Следовательно, романтическая концепция рефлексии, как определяет ее Шлегель в своем знаменитом 116-м Атенейском фрагменте, является «прогрессивной» и «всеобщей». Это следует понимать в двух смыслах. Во-первых, рефлексия – это последовательное поглощение собой едва ли не всего, что есть на свете. И во-вторых, ей свойственно порождать новые и все более сложные центры рефлексии. Соответственно, романтики интерпретируют бесконечность рефлексии не как бесконечный и пустой регресс – нечто линейное, а как бессчетное количество взаимосвязей. Именно так они понимают абсолют: как многогранную взаимосвязанность реальных явлений с присущей им разной степенью раскрытия рефлексии и с их «опосредованным» (не сущностным) характером. «Рефлексия представляет собой абсолют, причем представляет его собой как среда… [в] среде рефлексии… предмет и познающее существо сливаются друг с другом… Каждый момент познания является имманентной взаимосвязью в абсолюте»[111]111
  Ср. определение опыта как «систематической спецификации познания» в работе «О программе грядущей философии». Беньямин указывает, что Шлегель не пользовался словом «среда». Сам он прибегает к этому термину в двух своих работах данного периода: в эссе 1916 г. о языке, где этим термином обозначается «бесконечность», присущая языку, который не ограничен ничем внешним по отношению к «я», но сообщает о «я» самому «я», и в «Кентавре» (1917), где среда связывается с функциональным единством противоположностей.


[Закрыть]
.

Согласно Беньямину с его радикальным философским прочтением и ревизией Шлегеля и Новалиса, именно искусство становится важнейшей средой рефлексии: «Рефлексия в отсутствие „я“ – это рефлексия в абсолюте искусства». Он отмечает, что, с точки зрения романтиков, искусство особенно плодотворно выявляет рефлективную среду; рефлексия представляет собой «изначальный и конструктивный фактор [das Ursprüngliche und Aufbauende] в искусстве, как и во всем духовном». Эстетическая форма запечатлевает в себе рефлексию, а также несет в себе семя дальнейшей рефлексии, то есть критики, – и критическая деятельность раннего романтизма представляла собой венец творения.

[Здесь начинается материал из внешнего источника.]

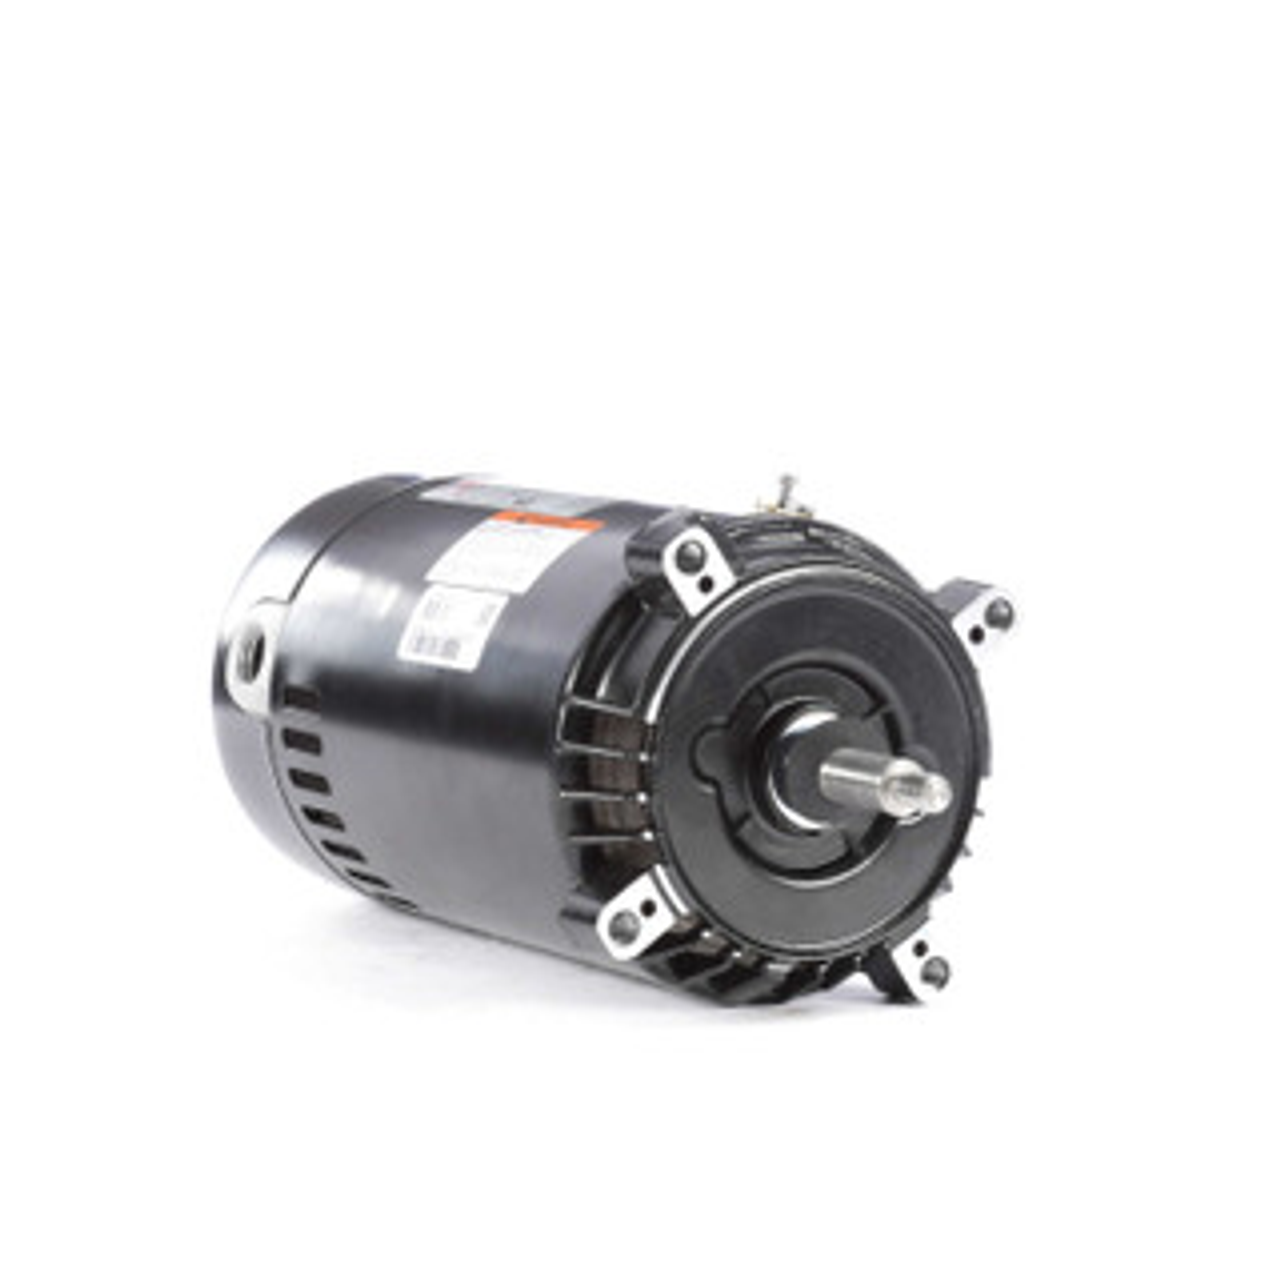 ST1072 Nema-C Flange 3/4 h.p. Pool filter motor, SP3007EEAZ Hayward super pump replacement motor

Критика становится здесь завершающей точкой в произведении искусства и даже его «абсолютизацией». Беньямин вкладывает в это соображение разные смыслы, неизменно окрашенные типично романтической «химической» валентностью. С одной стороны, акт критики – деяние «разрушительное». Оно атакует ту форму, в которой подается произведение и в которой заключена рефлексия, и, изолируя ее элементы, «де-конструирует» ее. (В эссе о Гельдерлине говорится об «ослаблении» функциональной связности стихотворения.) С другой стороны, оно разрушает, чтобы строить. Критика раскрывает заключенную в произведении рефлексию, выявляет «тайные тенденции» произведения и отыскивает в частностях «моменты общего». Абсолютизировать рефлексию, содержащуюся в художественных формах, означает «посредством критики высвобождать сконцентрированный потенциал [Prägnanz] и многогранность этих форм… [выявляя] их взаимосвязанность в качестве отдельных моментов среды. Таким образом, идея искусства как среды впервые создает возможность для недогматического или свободного формализма» (SW, 1:158).

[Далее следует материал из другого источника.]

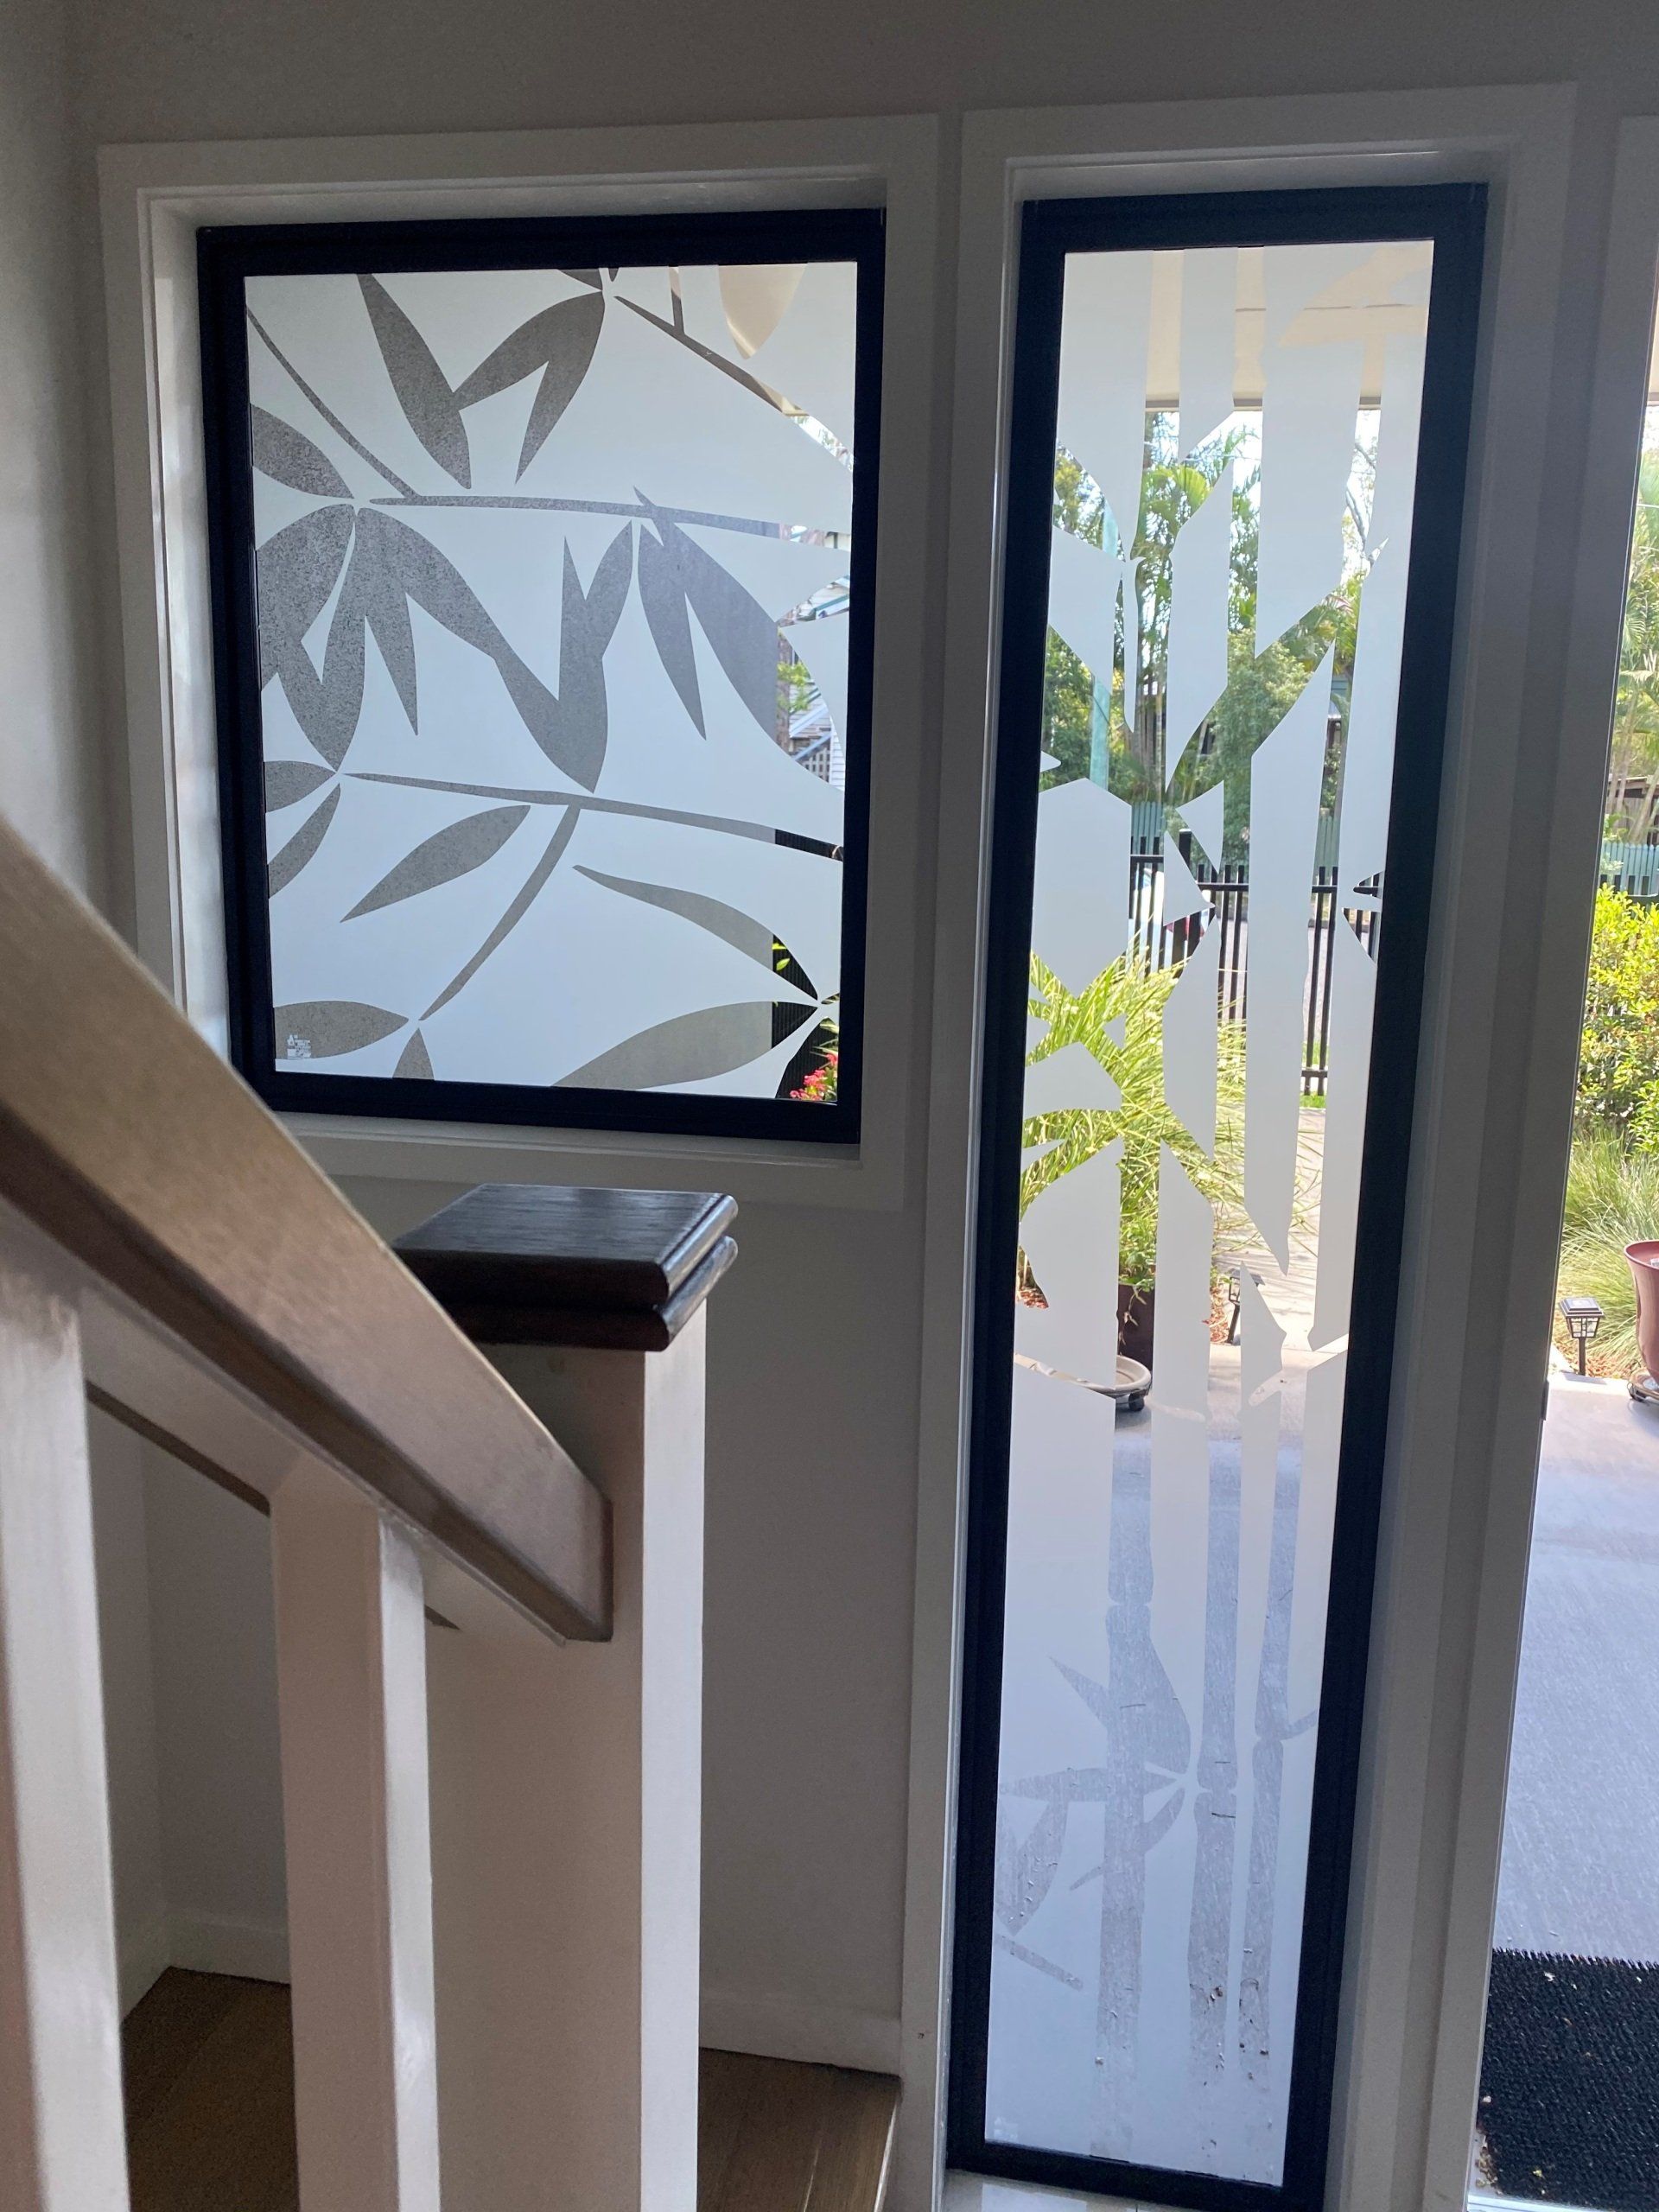 Large modern designed home - home window tinting Brisbane

При подобной рефлексии форм конкретная форма произведения открывает путь к абсолютному «континууму художественных форм», в котором происходит взаимопроникновение форм всех произведений, вследствие чего, например, все античные стихотворения могут стать для романтиков одним стихотворением. Согласно словам Шлегеля из 116-го Атенейского фрагмента, приведенным Беньямином, романтическая поэзия стремится к единству жанров: «Она охватывает все… от величайших систем искусства, скрывающих в себе все новые и новые системы, до вздоха, до поцелуя, выдыхаемого задумчивым ребенком в безыскусной песне». Отдельное произведение как таковое растворяется в откровении «идеи искусства», парадоксальным образом демонстрирующем «неразрушимость произведения». Эстетическая форма в своей критическо-рефлективной сути диктует «диалектику самоограничения и саморасширения», которая, в свою очередь, задает «диалектику единства и бесконечности в идее».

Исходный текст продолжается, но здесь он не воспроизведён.